All of these inventions, as well as others not mentioned, would, I believe, be seen, by Teilhard, as evidence of at least rudimentary of reflective thought. To be sure, he would also see such primitive thinking as possessing the potential to expand into more fully blown states of awareness, for example the state of awareness associated with a well developed self-consciousness.

So perhaps what Teilhard is saying, as regards the emergence of human consciousness, is something like the following. The hominoid phylum has been on the road to self-awareness for some two million years or so. For an overwhelmingly vast majority of that time, the human powers of consciousness have been, to a not negligible degree, latent, and what powers were used got utilized mainly in aid of survival, in support of a "preoccupation with food and drink". Only recently have some of these powers made the transit from significant latency to significant actuality.
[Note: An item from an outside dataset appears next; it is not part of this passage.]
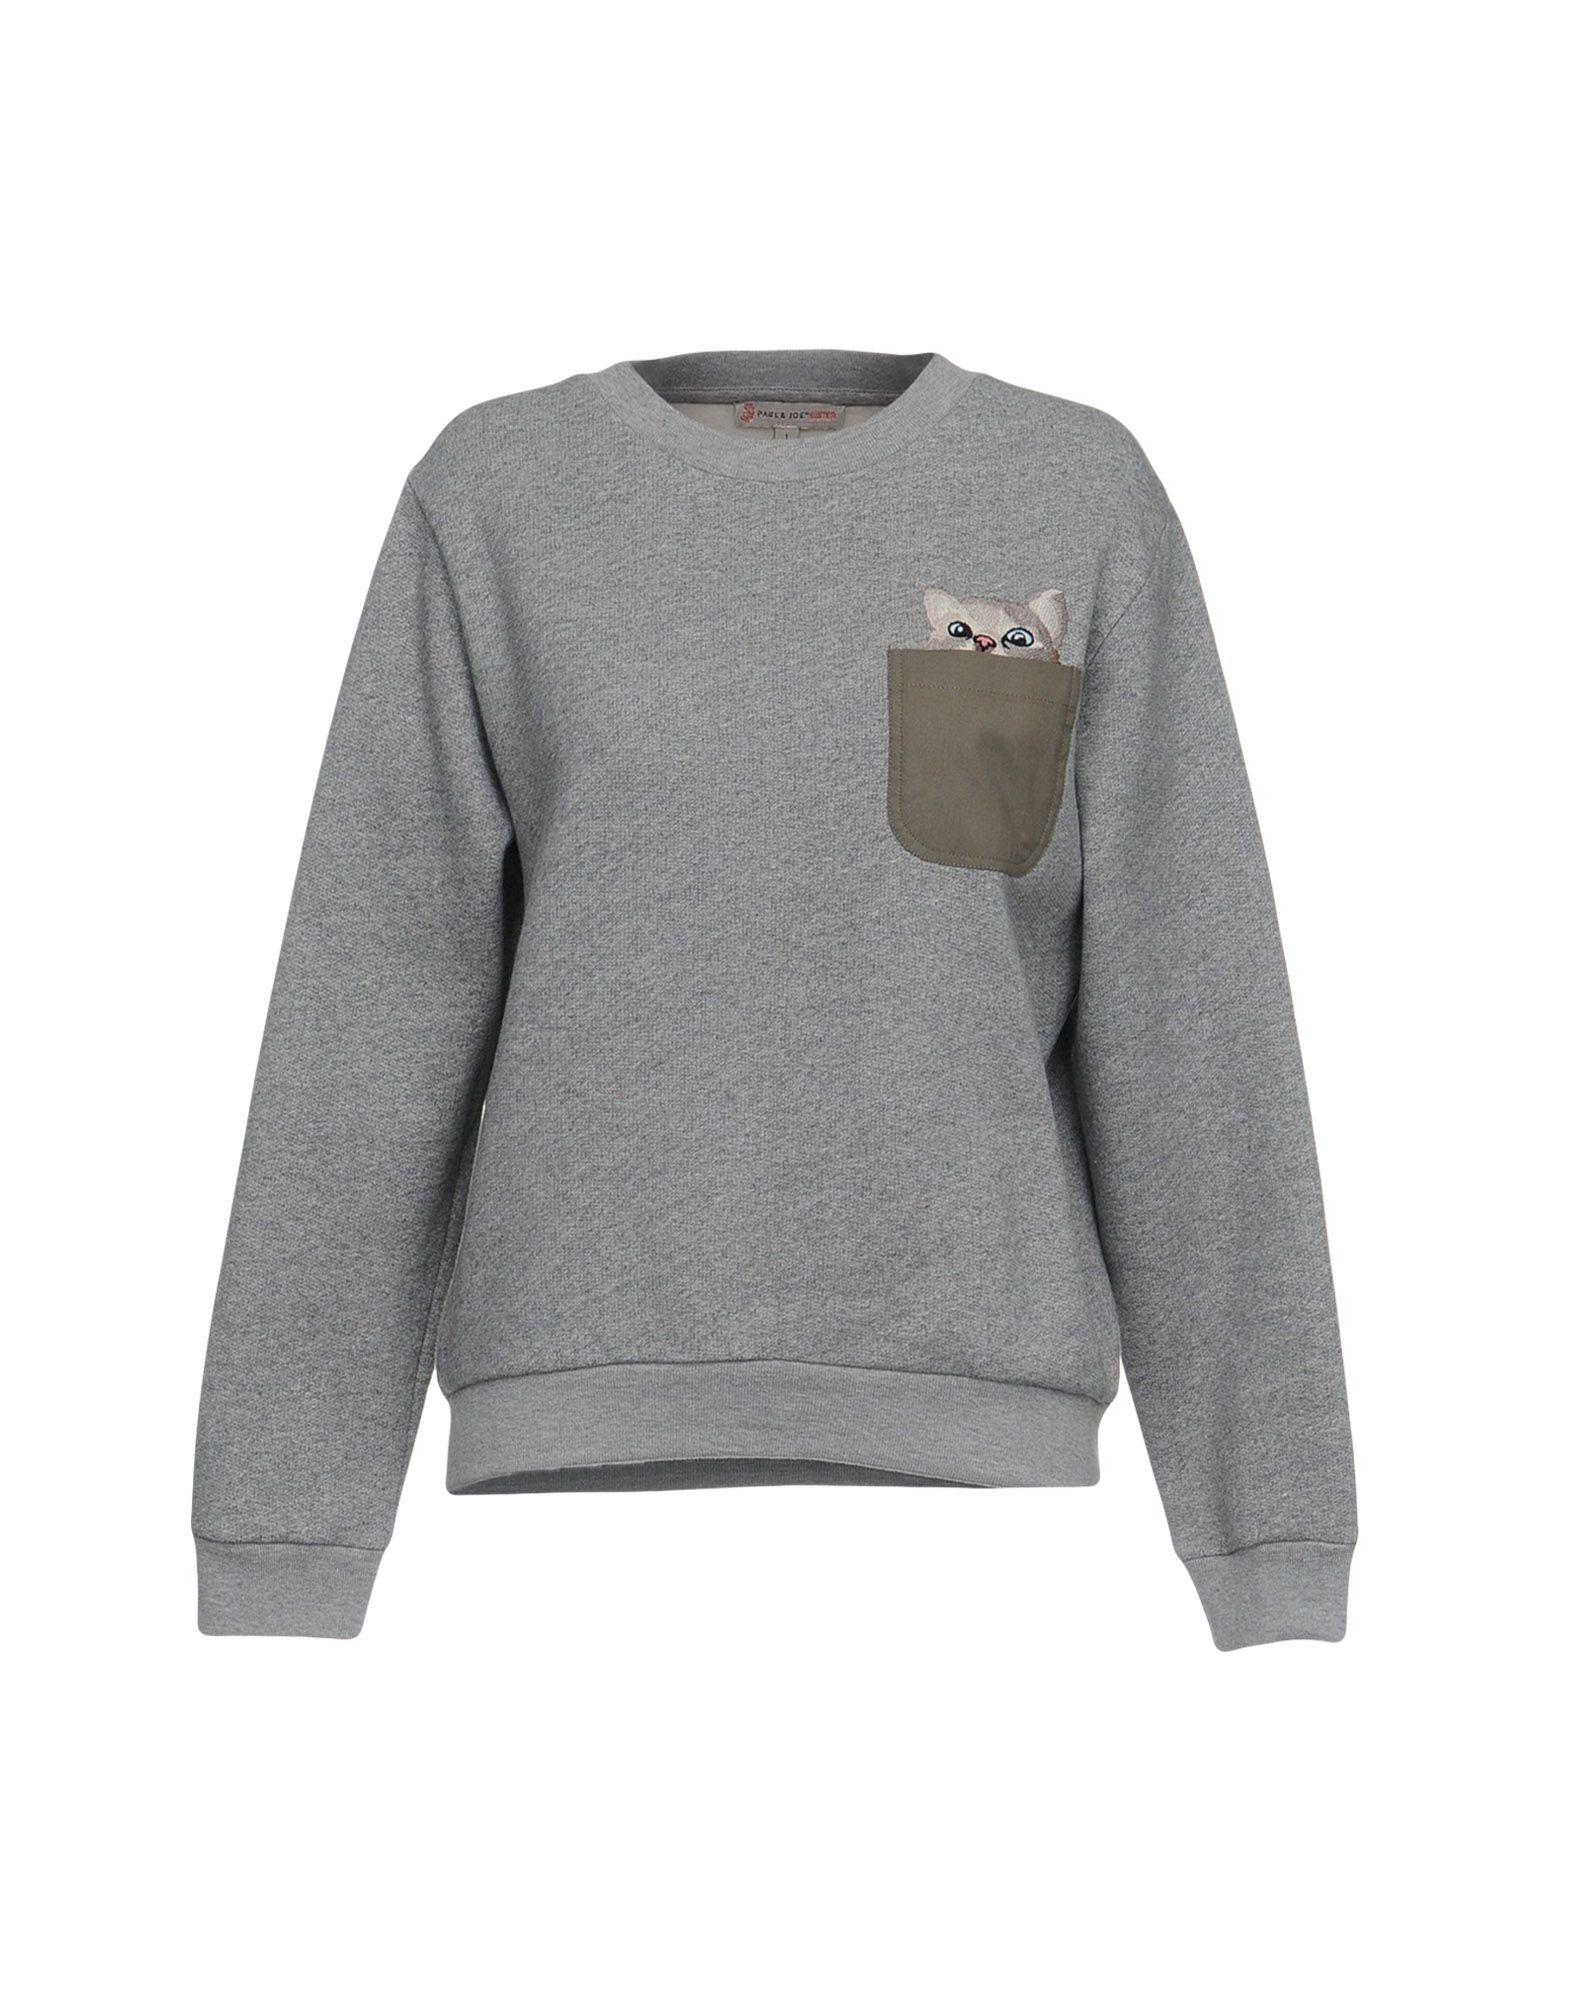 PAUL & JOE SISTER Sweatshirt in Light Grey

Perhaps I could present a what if scenario which Teilhard himself suggests. What if we were to claim that for most of the last 2 million years or so the humanoid phylum was really not significantly different (in terms of the journey to self-consciousness) from all of the other mammalian species on our globe? In my opinion, the French Jesuit, might, in reply to our query, repeat to us what he wrote in a 1948 essay. Within the pages of 'My Fundamental Vision' he, first of all, states that, in his opinion, 'man is the only being, within the limits of our experience, who not only knows, but knows that he knows.' (46) Then, in a footnote related to this statement, he adds:

'If, as we are sometimes told, other animal species shared this characteristic [i. e. the characteristic of knowing that we know] with us, then those species (which appeared chronologically before man) would long ago have become masters of the world; and in such conditions, man would never have appeared on earth.' (47)
So, in the eyes of the French Jesuit, our present biology, satisfactory though it is for dealing with instinctual life, needs to be significantly expanded, in its scope, if it is to be up to the task of adequately coping with thinking life. Otherwise put, today's biology, acceptable as it is for the scientific investigation of the biosphere, has to be enlarged in its purview, if it is to competently probe the noosphere.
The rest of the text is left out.